Глубина была холодной, вязкой. Она заливалась мне в рот потоком воды, обжигая горло и разрывая легкие.

Мне пять лет. Жаркий летний день. Я играл у фонтана. Залез на парапет. Нога соскользнула. Я упал.

Воспоминания прорываются ко мне, борясь с глубиной.

Лето. Солнце. Черный мрамор фонтана. Мама, заговорившаяся с соседкой, – о да, это же мадам фон Хаммерсмит, – тридцать лет назад она была такой же дряхлой старухой, ничего не изменилось!

Голуби срываются с верхушки фонтана. Я падаю в воду, поднимая стену брызг.

И глубина, глубина, глубина.

И черная тень, – еще чернее черноты глубины, – чертит вокруг меня… черт, черт, черт…

И глаз, огромный, нечеловеческий, – да и глаз ли вообще это? – прямо напротив моего лица. Я пытаюсь закричать, но глубина уже влилась в меня, и не выходит даже бульканье.

И щупальца, крепко обхватившие меня – и, подняв над краем чаши фонтана, передающие в руки подбежавшим людям.

– Подавленные воспоминания, – донесся откуда-то, как из-под плотного ватного одеяла, голос психиатра. – Детская травма.

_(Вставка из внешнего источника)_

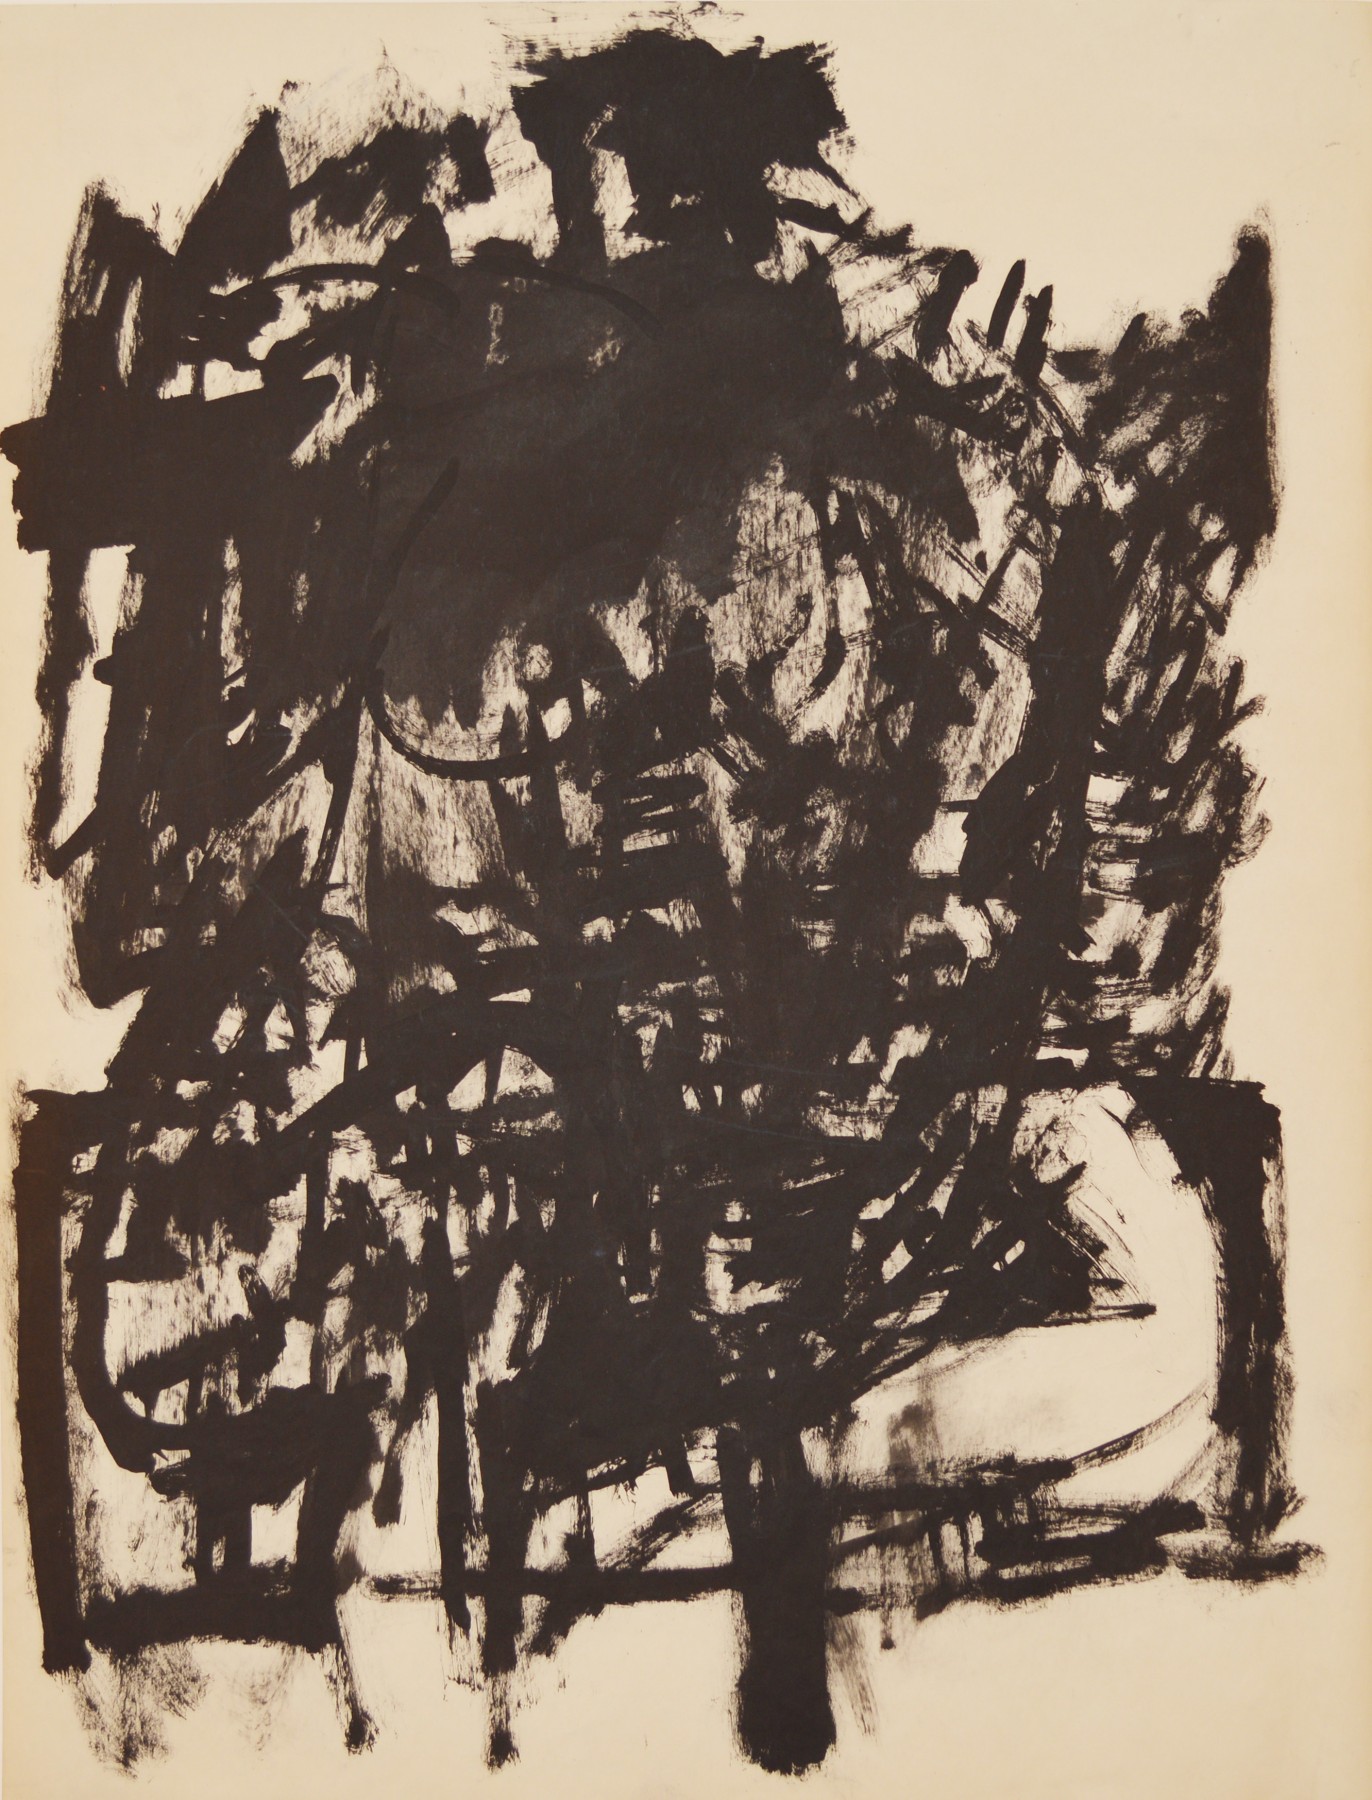 Jack Tworkov, Untitled (Seated Figure), c. 1954
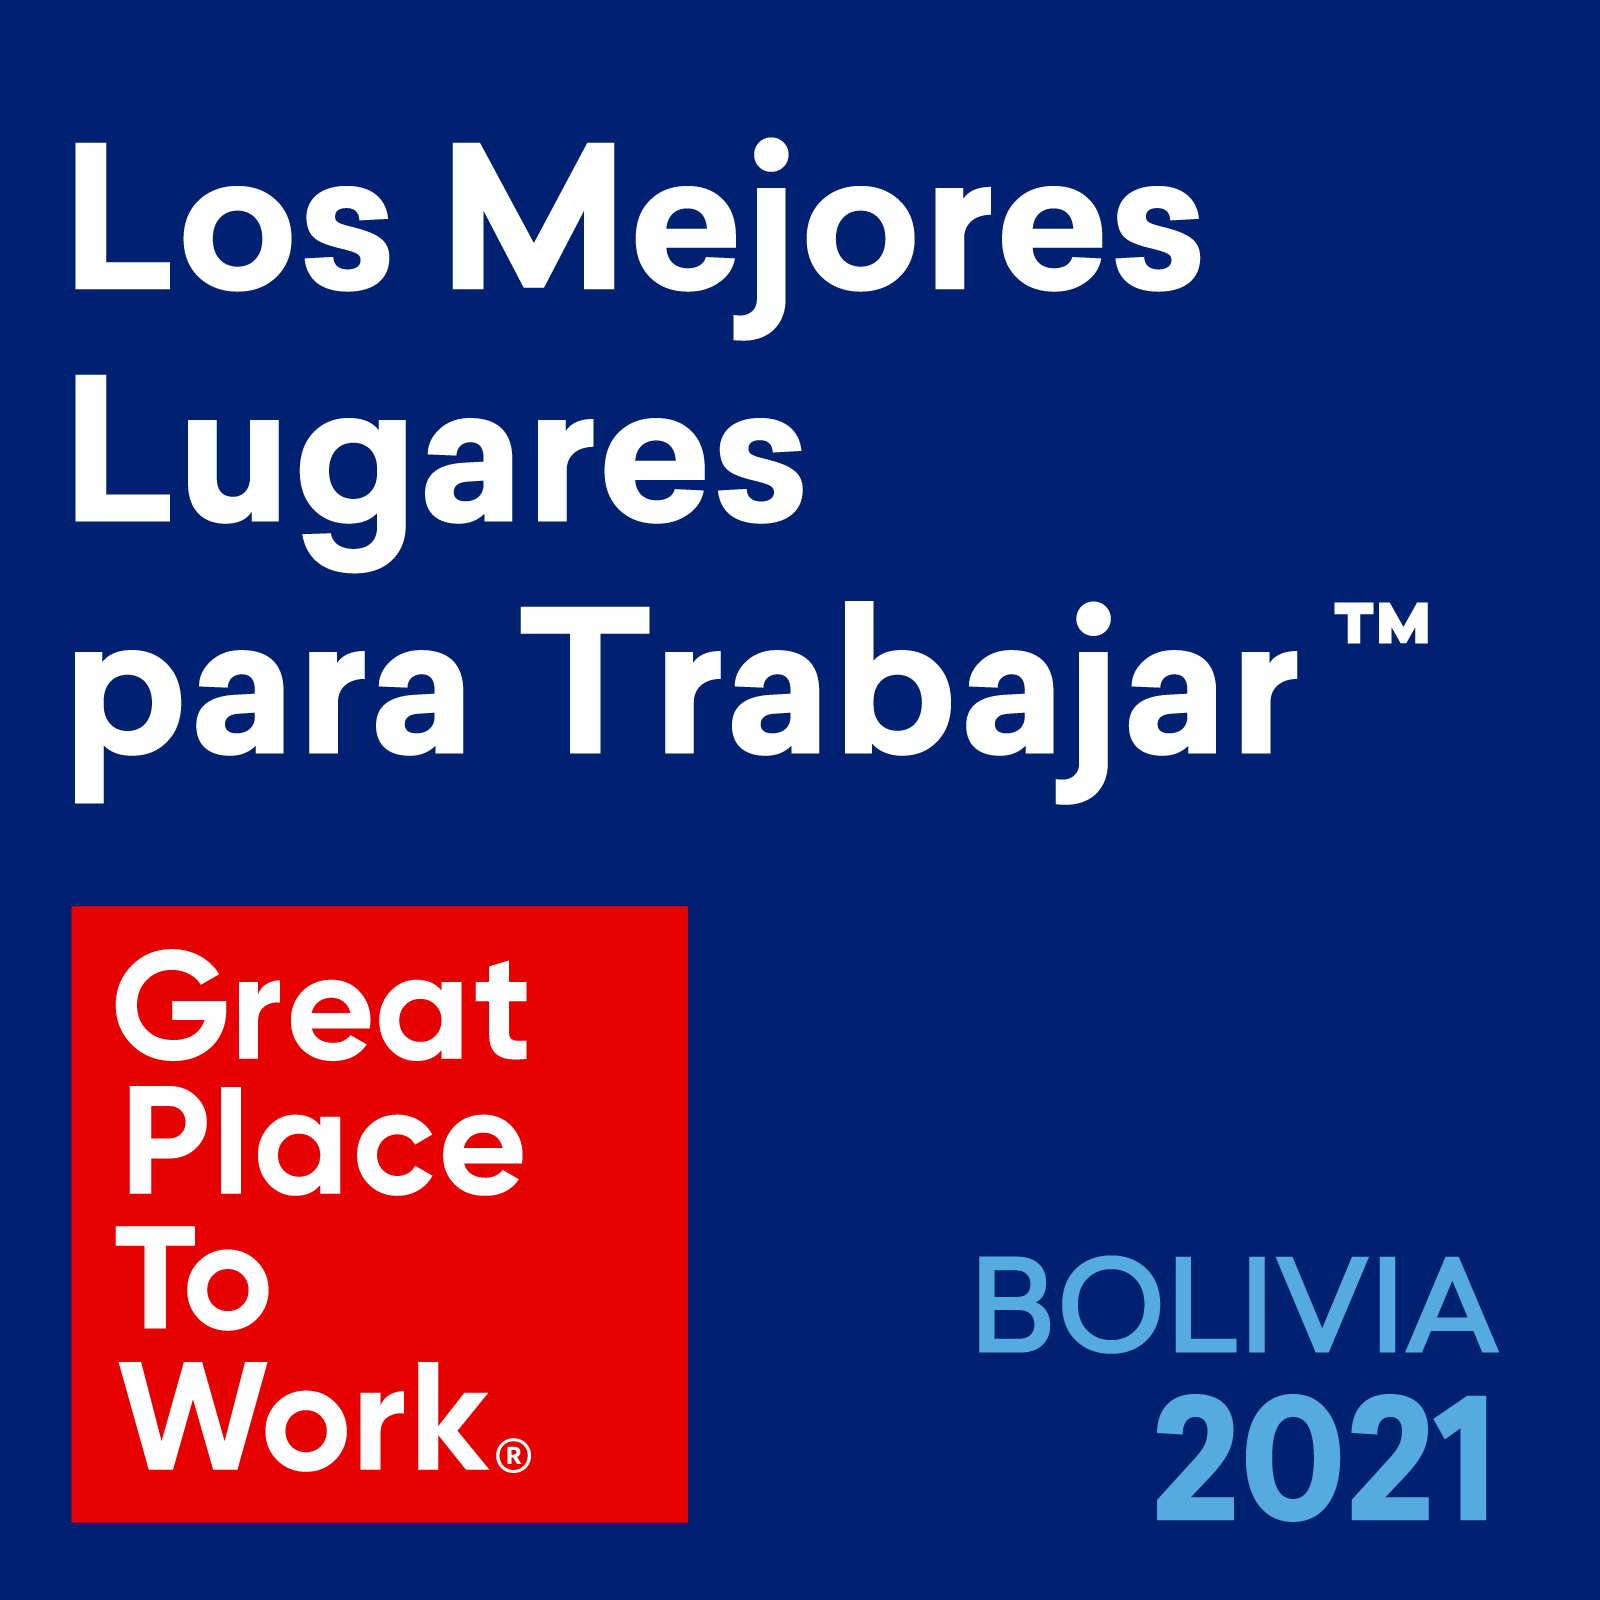 2021_BOLIVIA_Los_Mejores_Lugares_para_Trabajar2x_1

– Ч-что это делало в городском фонтане? – я попытался прорваться сквозь одеяло. И кажется, мне это удалось, потому что сквозь мутную пелену забытья я снова чувствовал запах табака доктора, щекотавший ноздри до чиха. – Почему оно было в фонтане?

– Это не относится к делу, – быстро сказал врач.

– Но это значит, что они в городе? Что они на самом деле здесь, среди нас? Все время среди нас!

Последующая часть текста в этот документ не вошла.